[Source data]
§ §

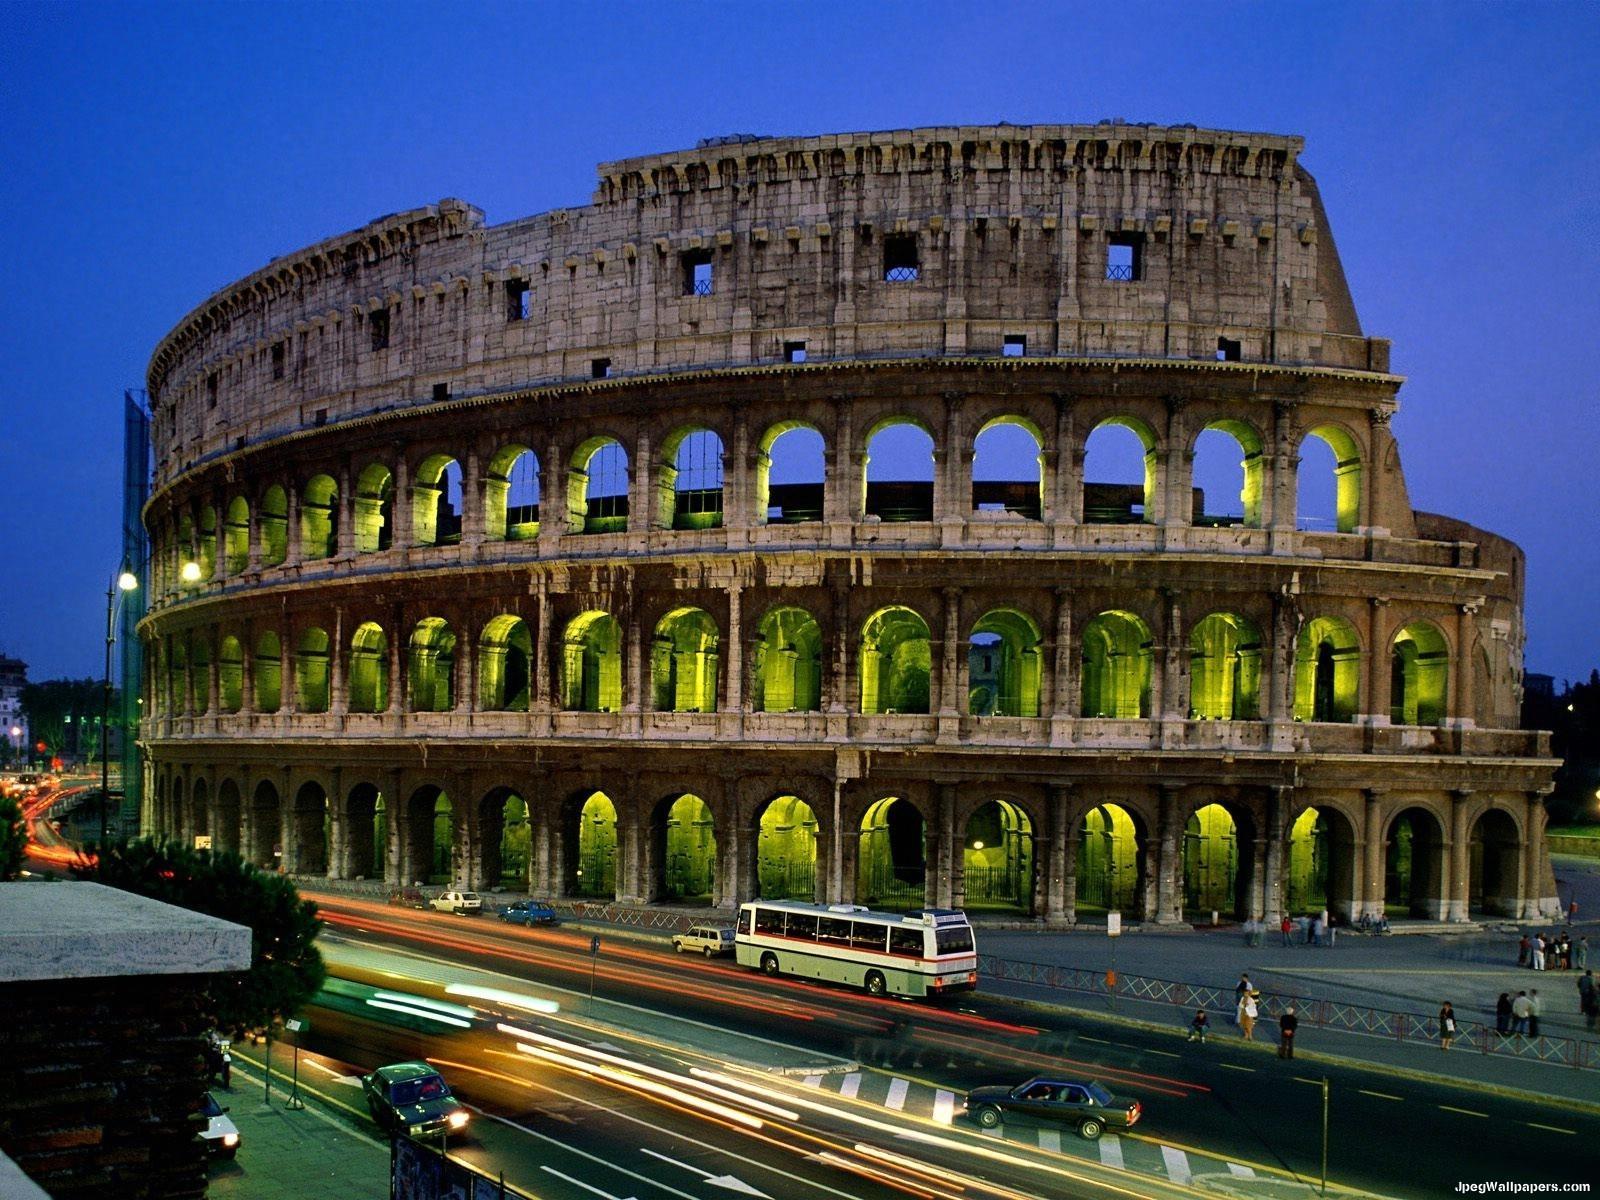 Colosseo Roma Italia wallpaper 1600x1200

§ §

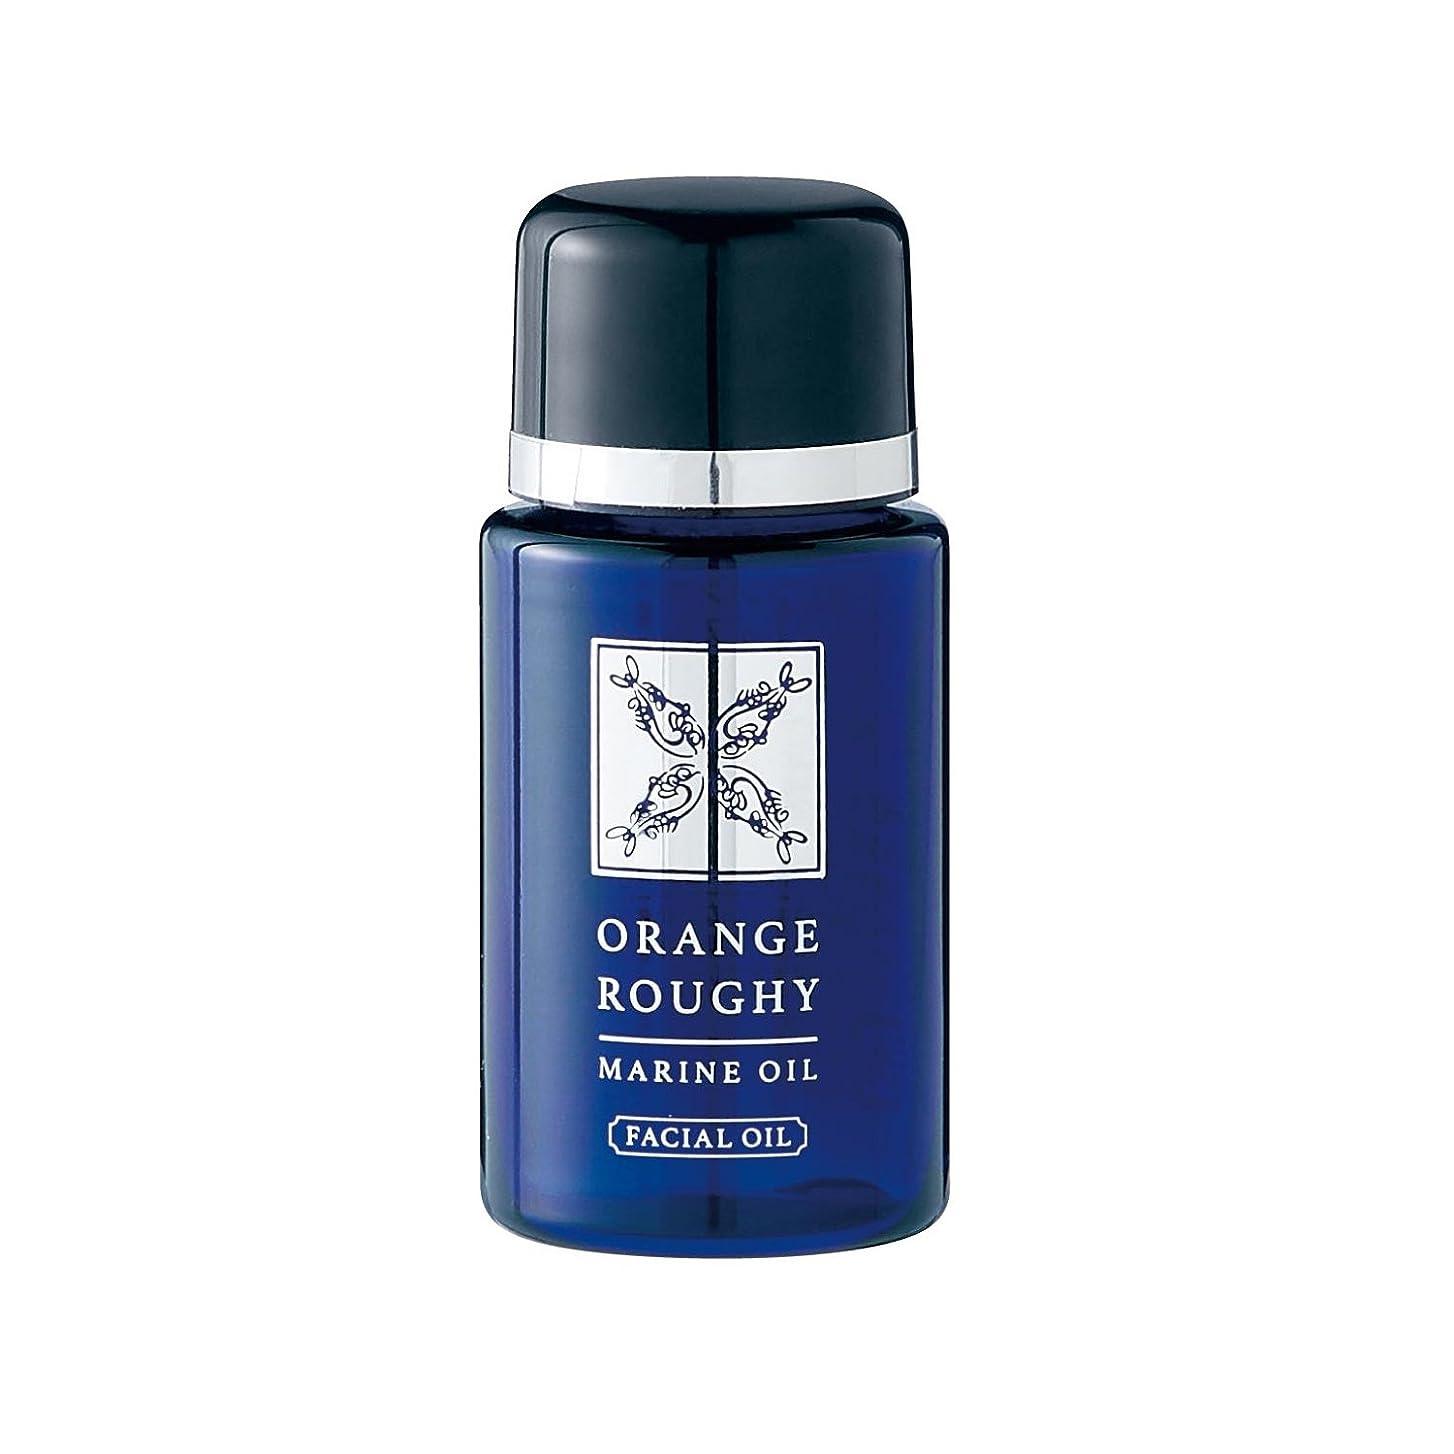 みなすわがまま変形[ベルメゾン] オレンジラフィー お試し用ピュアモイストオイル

§ §

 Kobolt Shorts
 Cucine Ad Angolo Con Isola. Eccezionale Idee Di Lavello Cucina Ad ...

§ §

[Problem requirements] Among the entries above, find the line with "Kobolt Shorts" and the line with "Cucine Ad Angolo"; give again exactly these two lines and all lines between them.

[Completed exercise]
 Kobolt Shorts
 Cucine Ad Angolo Con Isola. Eccezionale Idee Di Lavello Cucina Ad ...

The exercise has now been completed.